Abstract
Antimicrobial resistance remains a significant global and One Health threat, owing to the diminishing effectiveness of antibiotics against rapidly evolving multidrug-resistant bacteria, and the limited innovative research towards the development of new antibiotic therapeutics. In this article, we present the whole-genome sequence data of Proteus mirabilis-MN029 obtained from highly accurate long-read PacBioⓇ HiFi technology. The antibacterial activities of the selected African native plant species were also evaluated using the disk diffusion method. Acquired antibiotic resistance genes and chromosomal mutations corresponding to antibiotics of clinical importance were identified from genomic data.
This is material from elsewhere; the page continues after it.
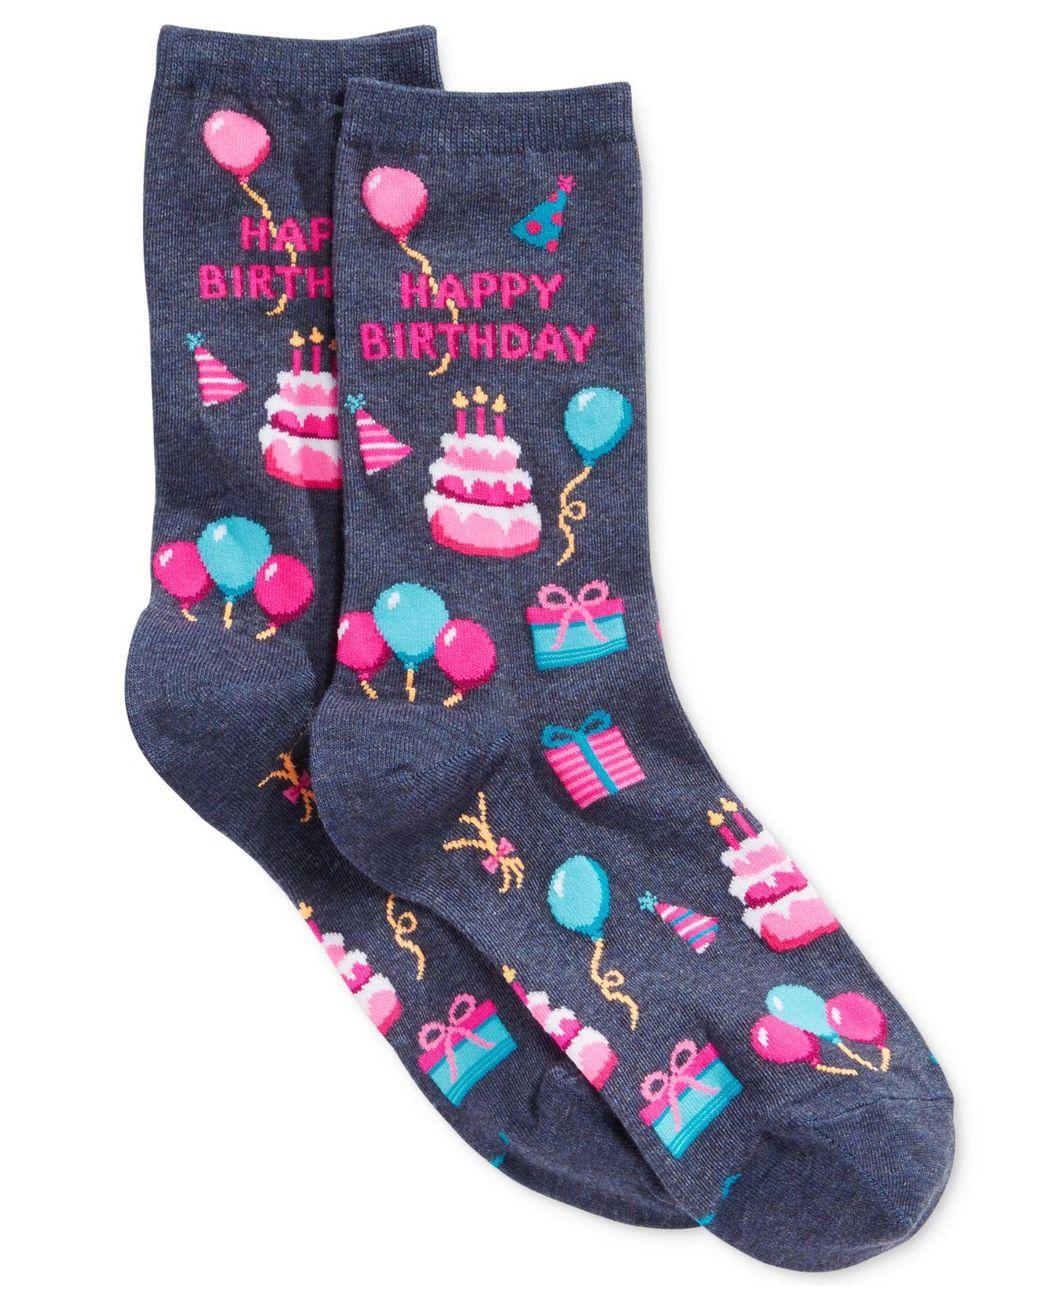 Hot Sox Teacup Pig Crew Socks Purple Novelty Piggy Sock shoe size 4-10.5 NEW

Using ethlyl acetate as solvent, Pterocarpus angolensis leaf extracts showed the most promising antibacterial effects against Proteus mirabilis-MN029. These datasets will be useful for future experimental research aimed at designing new antibacterial drugs from plant extracts that are effective alone or in combination with existing antibiotics to overcome multidrug-resistance mechanisms.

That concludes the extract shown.